Note: I also notice that one of the Diamond Plate fixtures acts really strange. If I remove just one bulb, the other goes out too. But in the other Diamond Plate (same model) fixture, removing one bulb leaves the other lit.
I did not modify the wiring of the fixtures, so they should both be the same.

Honestly, i would like to replace the fluorescents with LED's, but they are way too expensive right now.

Thanks for your help.

FW


----------



## Missouri Bound (Apr 9, 2011)

Read the ballast. Matching the correct lamps with ballasts is necessary for proper performance and life of lamp and ballast. Are you sure you installed the bulbs properly? I know that question may seem like an insult, but the bi-pin bulbs need to be seated properly to work correctly. Also t-8 and t-12 bulbs are not interchangeable.


----------



## kbsparky (Sep 11, 2008)

Lowe's has 40 watt T-12 fluorescents.

About $15 for a 10-pak.

They are much brighter (3000 lumens) than those 34 watt pieces of junk (2650 lumens).


----------



## Ultrarunner2017 (Oct 1, 2008)

kbsparky said:


> Lowe's has 40 watt T-12 fluorescents.
> 
> About $15 for a 10-pak.
> 
> They are much brighter (3000 lumens) than those 34 watt pieces of junk (2650 lumens).


Thanks KB;
They just opened a Lowes near me. I'll run over there today or tomorrow.
As for the two 34W I bought, I guess I'll keep them in the fixture they work in, until they start to wear out, then go back to the 40W.

FW


----------



## AllanJ (Nov 24, 2007)

In fluorescent (also mercury and sodum and metal-halide) fixtures too high a wattage lamp can damage the ballast; too low a wattage lamp can burn out quickly.

Except for series circuits (pretty much limited to Christmas lights) for incandescent lamps (incl. tungsten-halogen and tungsten-xenon) you can freely substitute a lower wattage lamp.


----------



## kbsparky (Sep 11, 2008)

AllanJ said:


> In fluorescent (also mercury and sodum and metal-halide) fixtures too high a wattage lamp can damage the ballast; too low a wattage lamp can burn out quickly....


The OP did state that the fixtures in question were rated for 40 watt bulbs.

KE2KB, if you are still reading this thread, be advised that those 34 watt lamps do not work well in cold ambient temperatures. They definitely will not get very bright at all.


----------



## Ultrarunner2017 (Oct 1, 2008)

kbsparky said:


> The OP did state that the fixtures in question were rated for 40 watt bulbs.
> 
> KE2KB, if you are still reading this thread, be advised that those 34 watt lamps do not work well in cold ambient temperatures. They definitely will not get very bright at all.


Ah ha!
I have been having problems even with the 40W bulbs in the electronic ballast "Diamond Plate" shop fixtures.
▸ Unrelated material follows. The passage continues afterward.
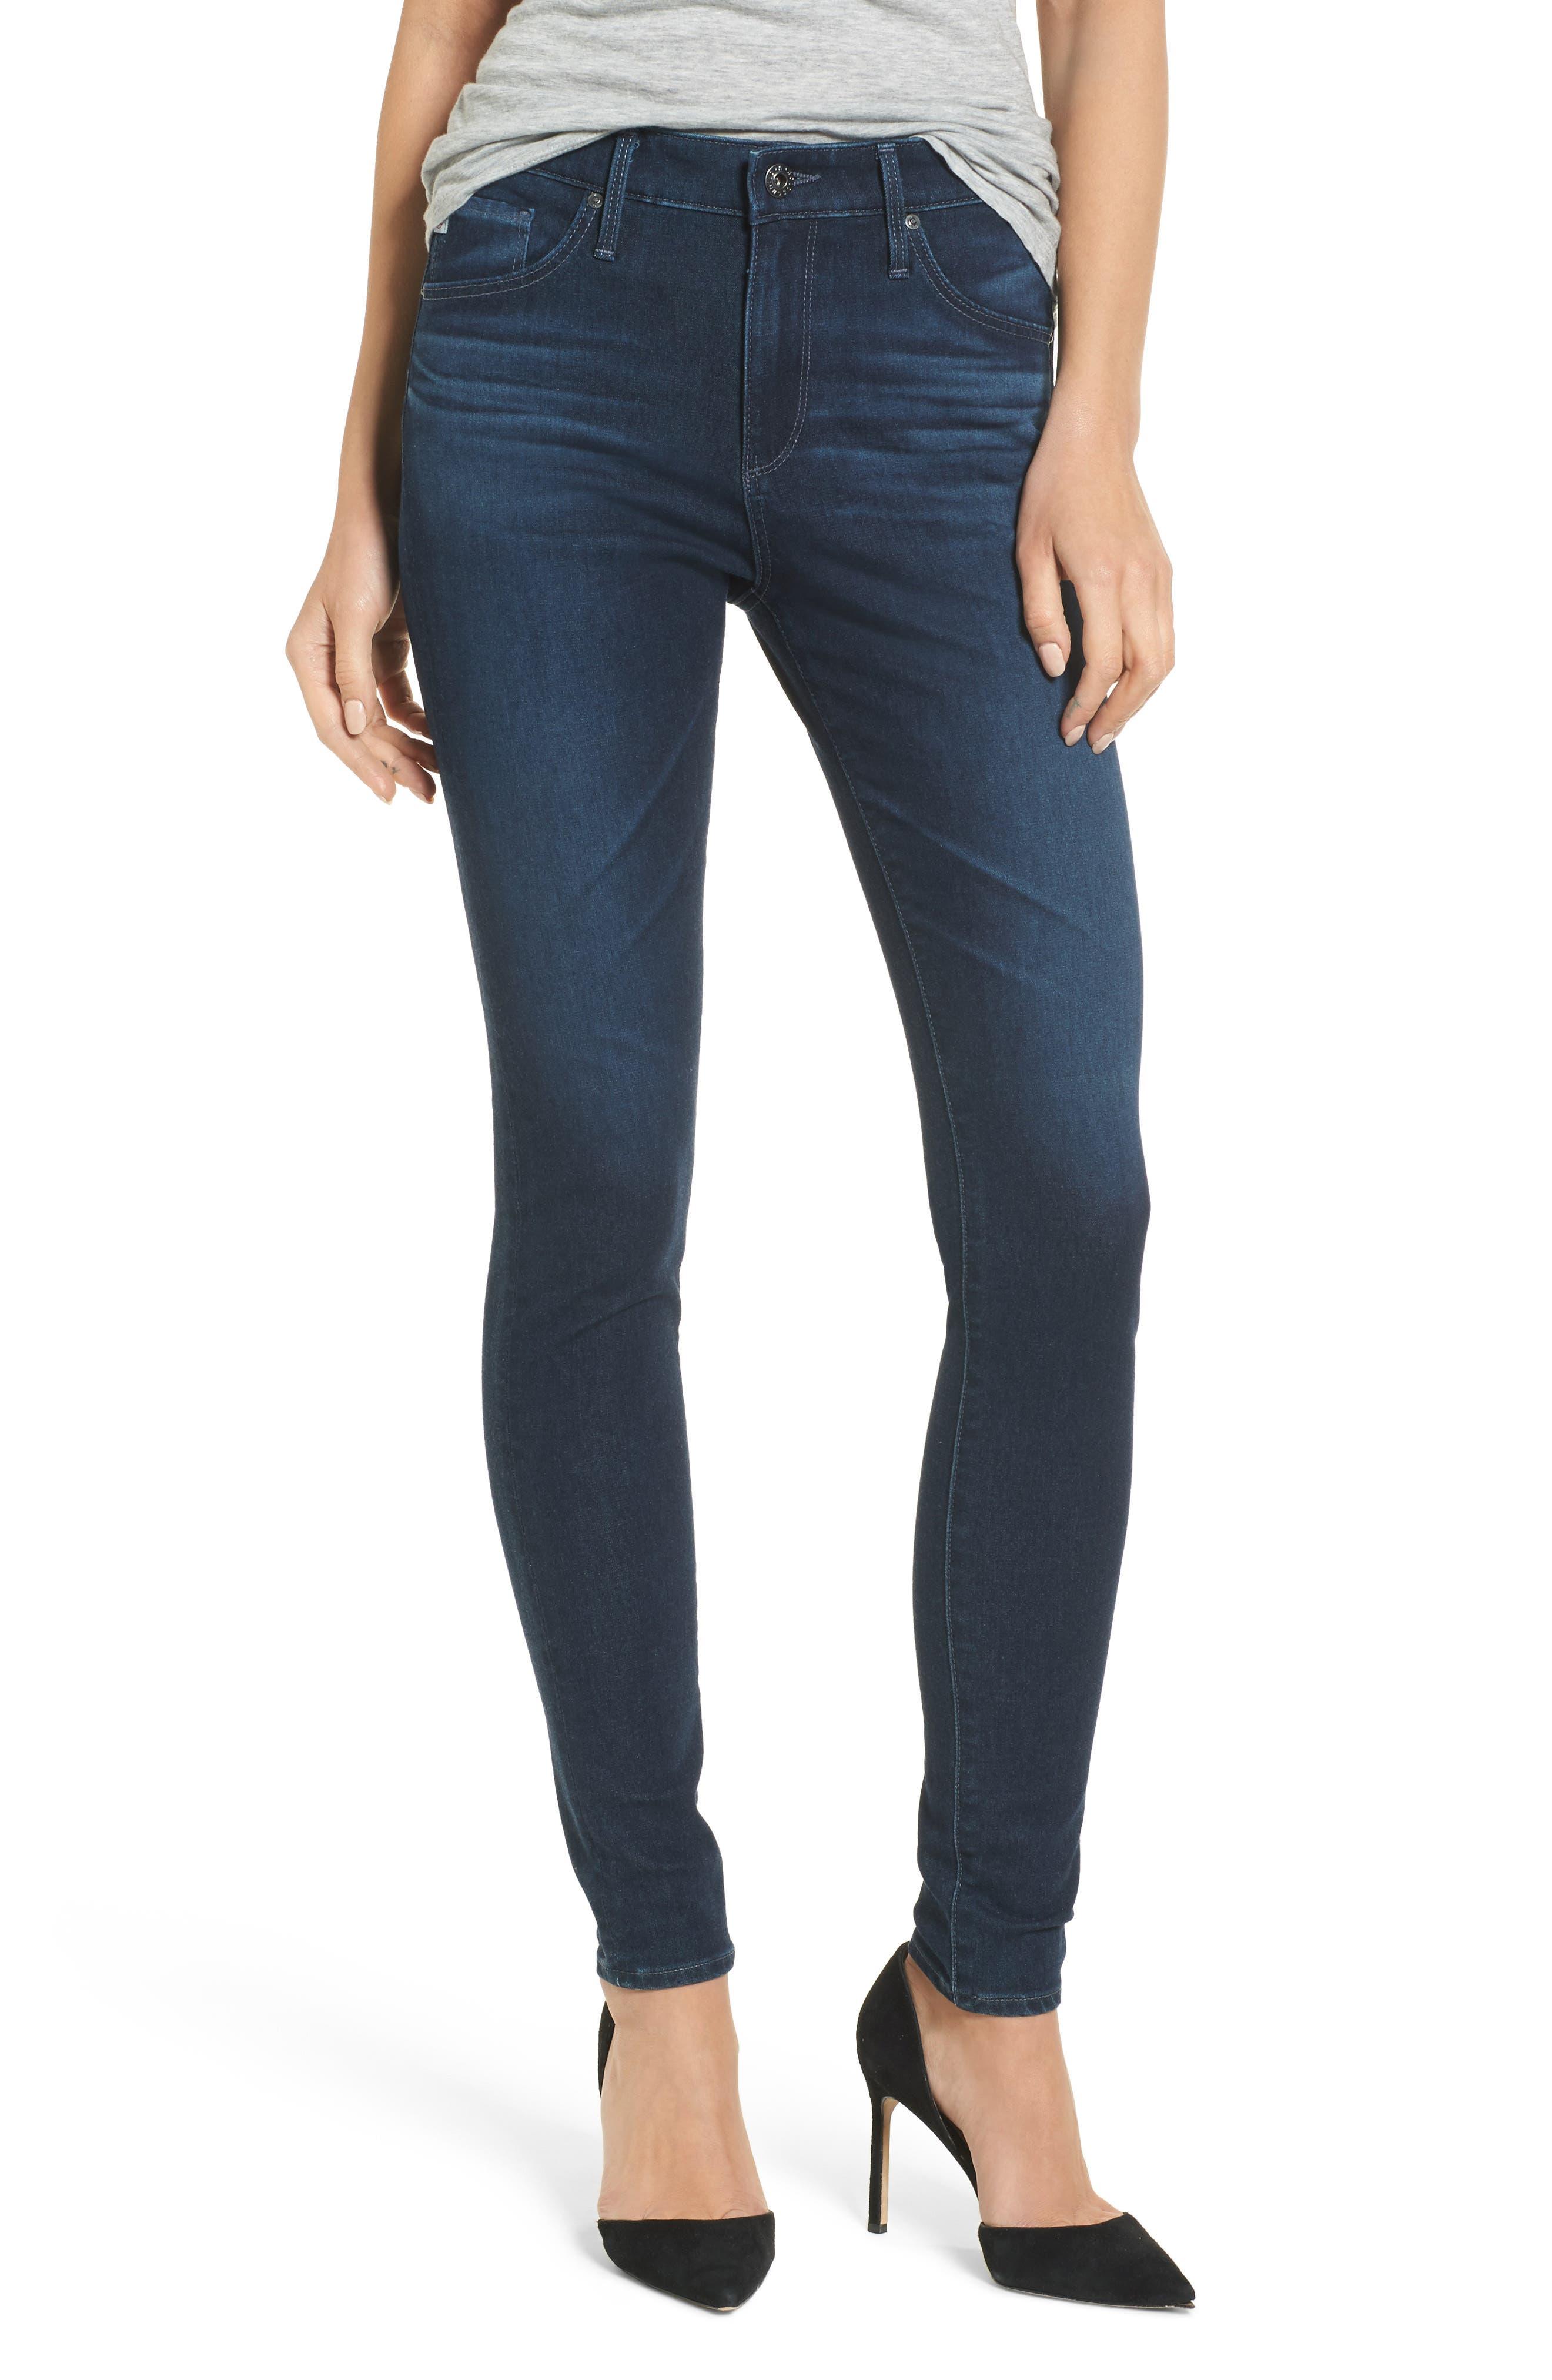 Alternate Image 1 Selected - AG The Farrah High Waist Skinny Jeans

They don't work very well at all when the basement is cold.
So, if that's happening with the 40W bulbs, I think I should be shopping for better fixtures.
Perhaps LED, but that might not fit my budget at the moment.
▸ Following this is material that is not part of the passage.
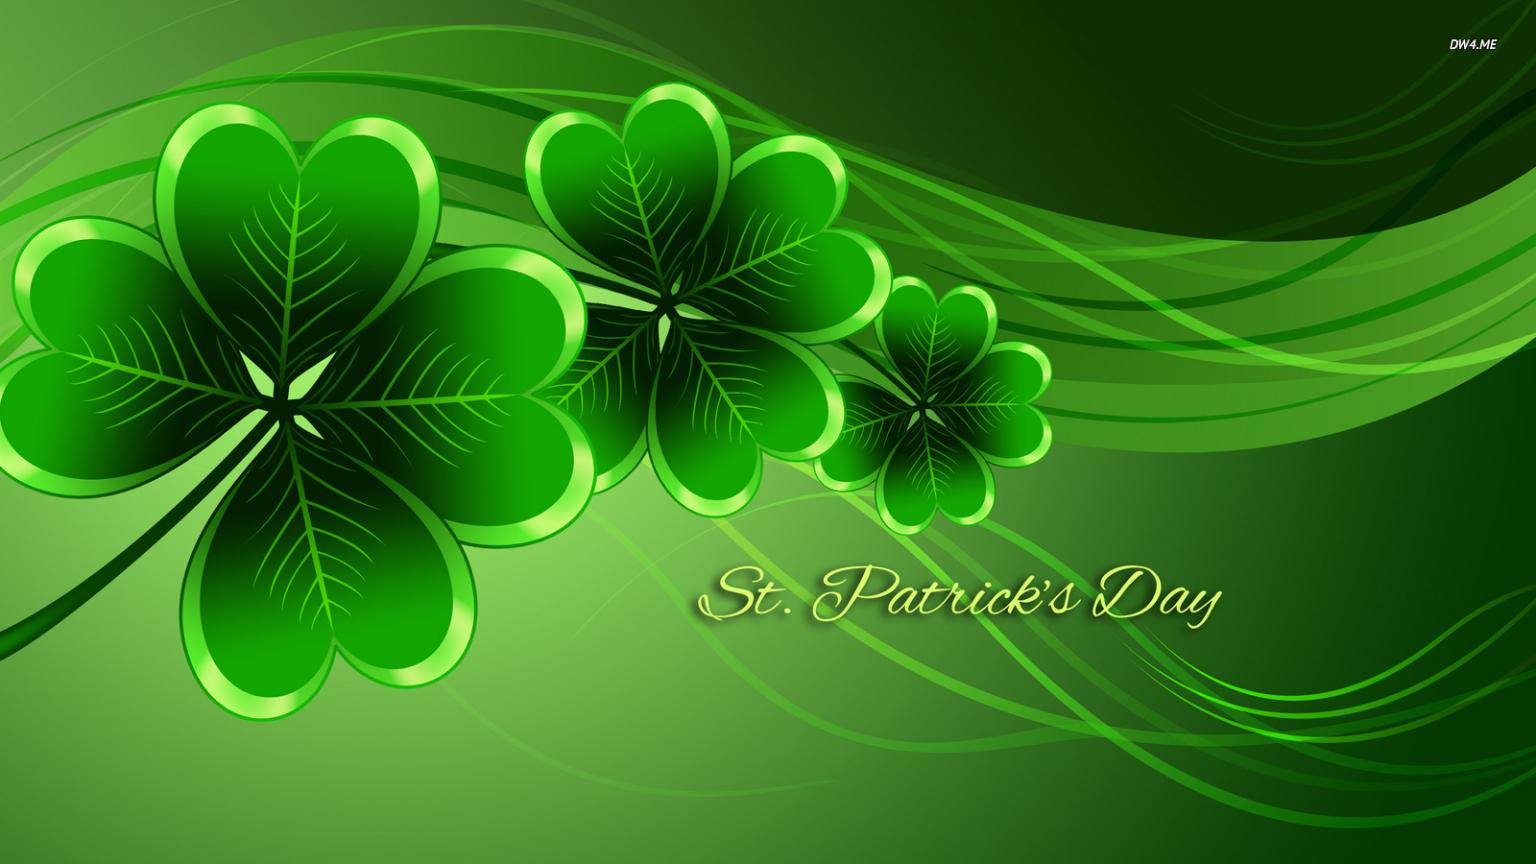 Free Download Saint Patricks Day Wallpaper Holiday Wallpapers 2159
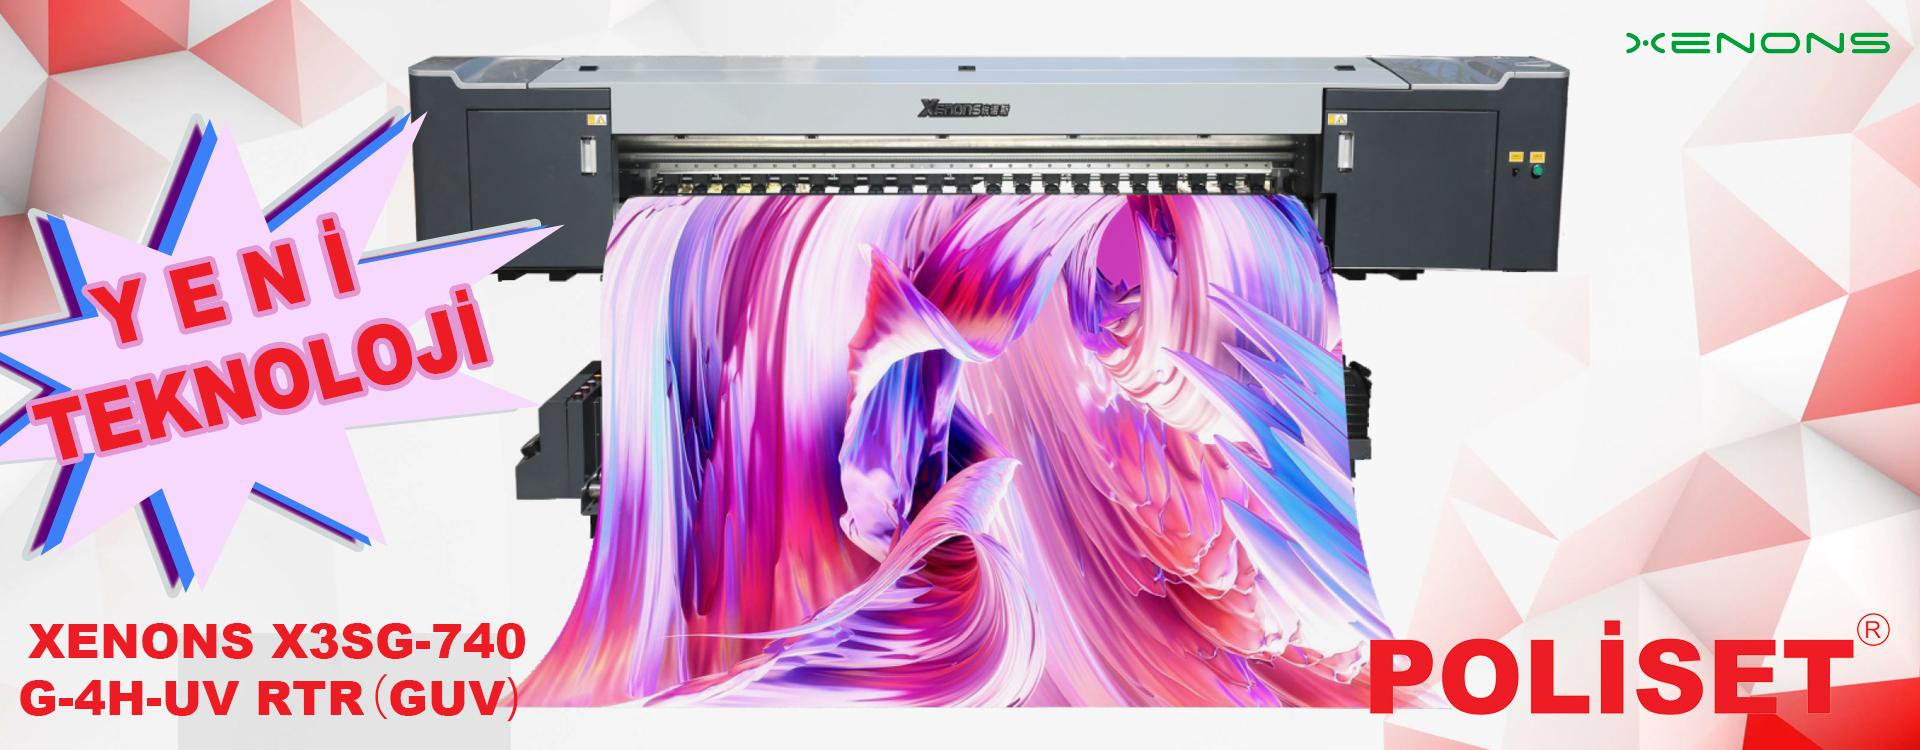 XENONS_X3SG_740G_4H_UV_RTR_guv_uv_printer_son_teknoloji_satis_istanbul_bayi

Still, I will pick up a pack of the 40W tubes.

Thanks

FW


----------



## Missouri Bound (Apr 9, 2011)

If you want better flourescents...go to T8 technology. Better lamps available, brighter and the electronic ballasts are inherently cold weather compatable.


----------



## ddawg16 (Aug 15, 2011)

Missouri Bound said:


> If you want better flourescents...go to T8 technology. Better lamps available, brighter and the electronic ballasts are inherently cold weather compatable.


Without a doubt.....

I also like the T5 bulbs.....


----------